Saturday, March 03, 2012

Alipio vs. CA [G.R. No. 134100 Sept. 29, 2000]

Facts: Respondent Romeo Jaring was the lessee of a 14.5 hectare fishpond in Bataan for a period of 5 years ending on September 12, 1990. On June 19, 1987, he subleased the fishpond for the remaining period of his lease to the spouses Placido and Purita Alipio and the spouses Bienvenido and Remedios Manuel for an amount of Php 485,600.oo payable in 2 installments in the amount of Php 300,000.00 and 185,600.00 respectively. The 2nd installment will fall due on June 30, 1989. The 1st installment was duly paid but the 2nd installment was only partially fulfilled leaving a balance of Php 50,600.00. The sub lessees failed to settle the remaining balance despite repeated demands. This prompted private respondent Jaring to file a complaint on Oct. 13, 1989 against the Alipio and Manuel spouses in the RTC Bataan for the collection of the said amount and prayed in the alternative, the rescission of the sublease contract in case of failure to pay. However, prior to the institution of the complaint, on Dec. 1, 1988, one of the sub lessees, Placido Alipio, died. His wife, Purita moved to dismiss the complaint citing Rule 3 Sec 21 of the 1964 Rules of Court which states that in an action for recovery of money, debt or interests and the defendant dies before the CFI renders the final judgment, the case shall be dismissed and prosecuted in the manner especially provided in these rules. This rule was however amended, so that in Rule 3 Sec 20 of the 1997 Rules of Civil procedure, it states that there is no longer need to dismiss, that the case will be allowed to continue until entry of final judgment and that the claims will then be pursued in the manner provided by the rules on prosecuting claims against the estate of a deceased person. The RTC however, denied petitioner’s motion while the Manuel spouses were defaulted for failure to file an answer. The RTC rendered a decision ordering the petitioner and the Manuel spouses to pay the unpaid balance of Php 50,600 plus Php 10,000.00 for atty’s fees and cost of suit. 

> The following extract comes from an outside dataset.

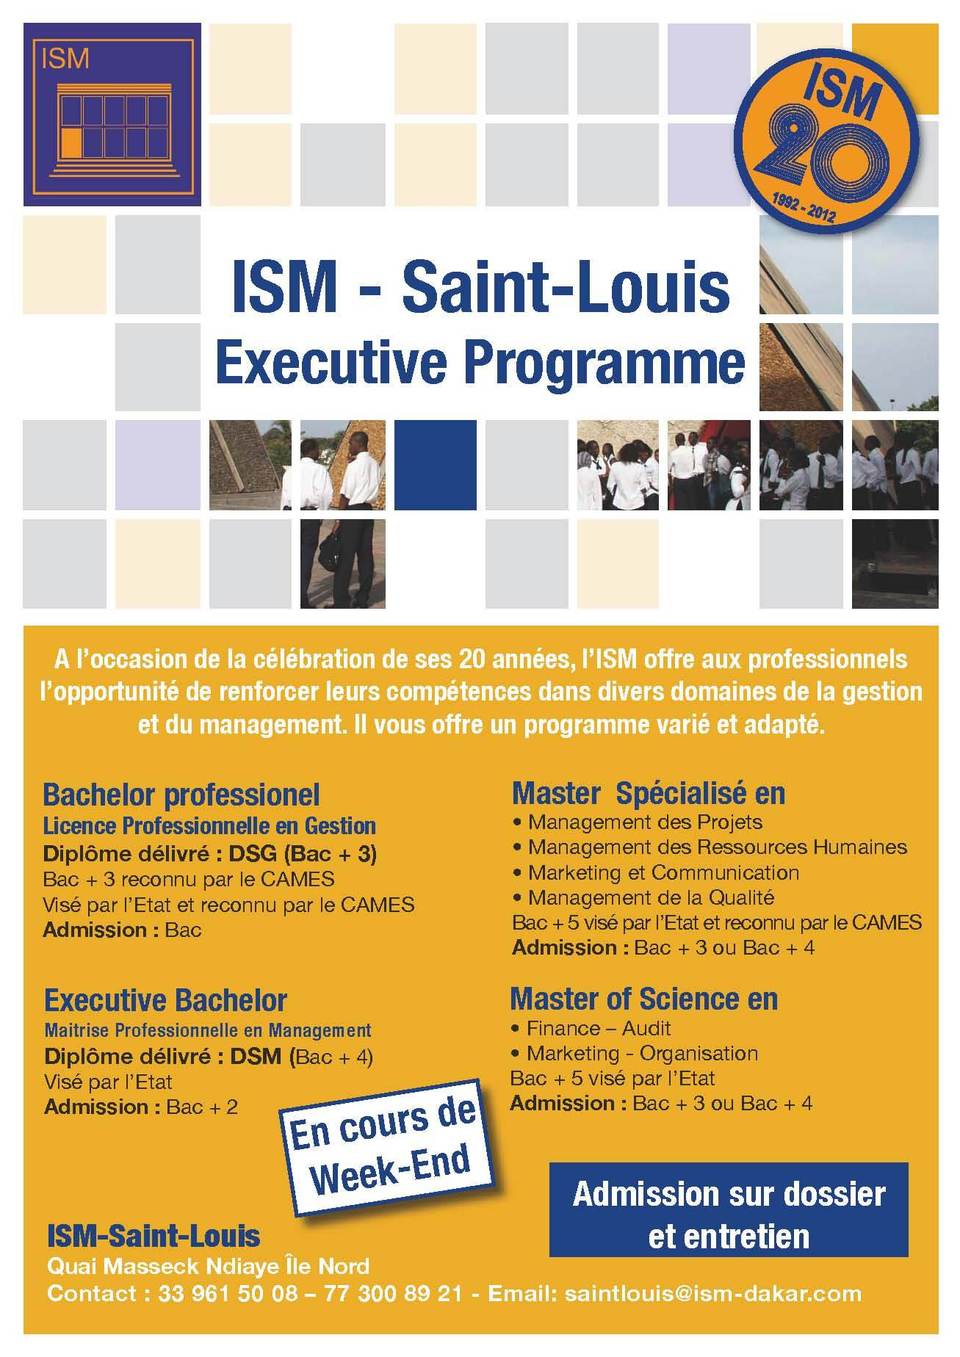 L'Institut Supérieur de Management(ISM) offre aux professionnels l’opportunité de renforcer leurs compétences dans divers domaines de la Gestion et du Management.
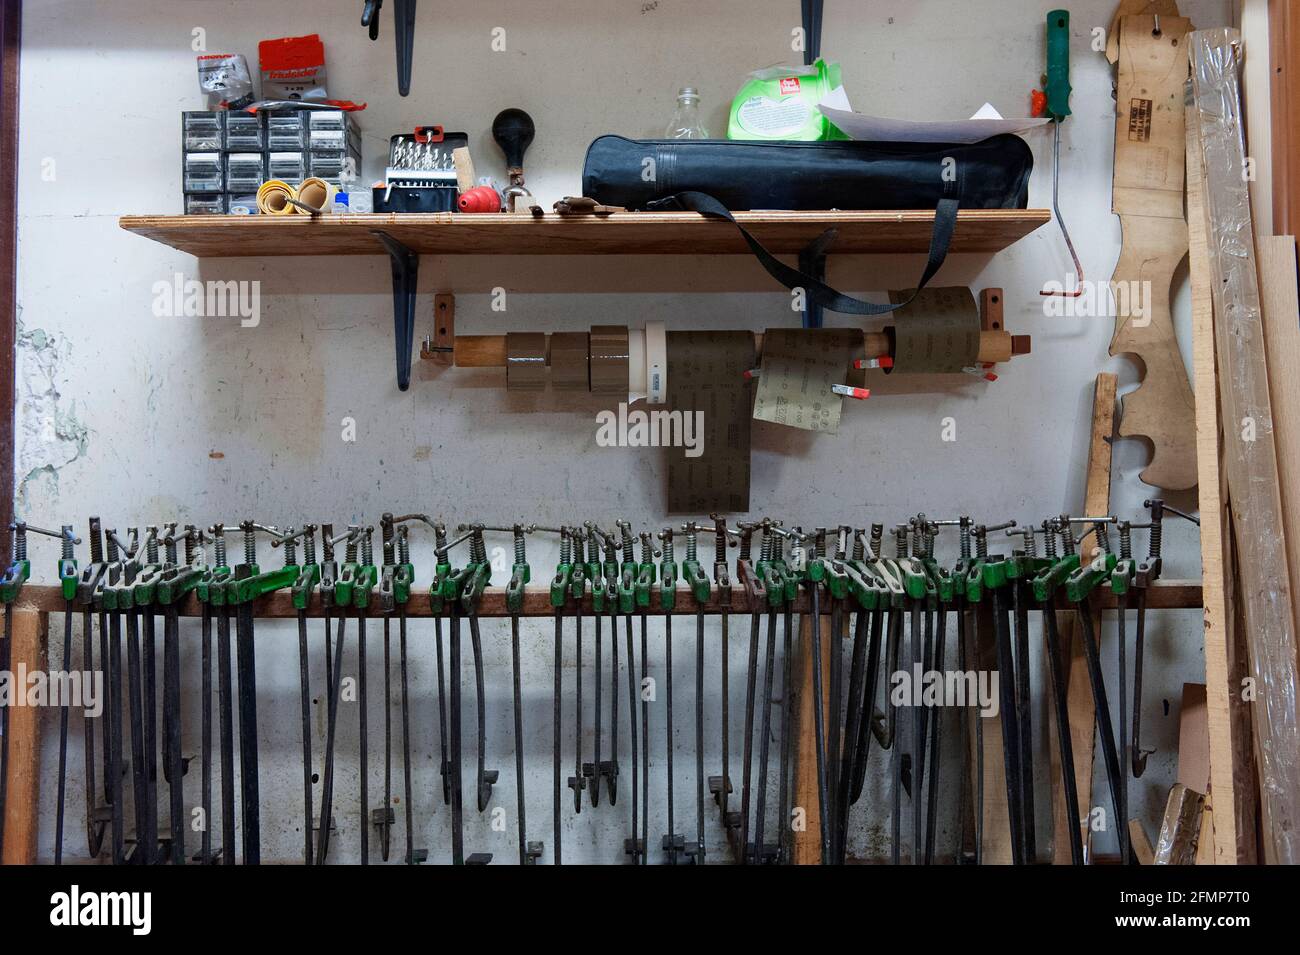 All'interno del laboratorio dell'artigiano Franco Furlanetto dove realizza ruggini fatti a mano (Forcole), Venezia, San Polo, Venezia, Veneto, Italia, Europa Foto Stock

Petitioner Alipio appealed to the CA but her appeal was also dismissed by the said appellate court citing the cases (1) Climaco vs. Siy-Uy - that the rule invoked by petitioner does not apply where there are another defendants against whom the action is instituted; and (2) Imperial insurance Ins. vs. David – that where a husband and wife bound themselves jointly and severally, in case of death, the liability of the surviving spouse is independent and separate so that she may be sued for the whole debt. 

Hence, petitioner Alipio, filed a petition for review on certiorari questioning the applicability of the above 2 cases. 

Issue: Whether or not a creditor can sue the surviving spouse for the collection of a debt which is owed by the conjugal partnership of gains or whether such claims must be filed in proceedings for the settlement of the estate of the decedent

Held: Petitioner and her late husband and the Manuel spouses signed the sublease contract binding themselves to pay the rentals stipulated which under Art. 161 of the Civil Code will make the conjugal partnership liable. However, when petitioner’s husband died, the conjugal partnership of gains was automatically dissolved thus all debts chargeable to it are to be paid in the intestate of testate proceedings of the deceased spouse. And even when there is no liquidation that has been made, this would not mean that the conjugal partnership of gains continues to exist in order to pursue the claim against the surviving spouse alone. The creditor under Sec 6 Rule 78 of the Revised Rules of Court can have the remedy of applying in court for letters of administration in his capacity as the principal creditor. 

SC ruled that the 2 cases cited by the CA do not apply in this case because such cases are based on different sets of facts not similar to the case herein. Private respondent cannot maintain the present suit against petitioner. The proper remedy is to file a claim against the Alipios in a proceeding for the settlement of the estate of the deceased husband. 

SC also ruled that the CA decision ordering payment of the balance does not specify whether it is to be paid jointly or solidarily. Applying Art 1207 of the Civil Code, the obligation of petitioner and the Manuel spouses is presumed to be only JOINT, i.e. the debt is divided into as many equal shares as there are debtors, each debt being considered distinct from one another. SC therefore grants the petition and orders the Manuel spouses to pay Php 25,300.00 plus Php 10,000.00 for atty’s fees and cost of suit. The complaint against petitioner was dismissed without prejudice to the filing of claim by private respondent in a proceeding for the settlement of the estate of the deceased husband.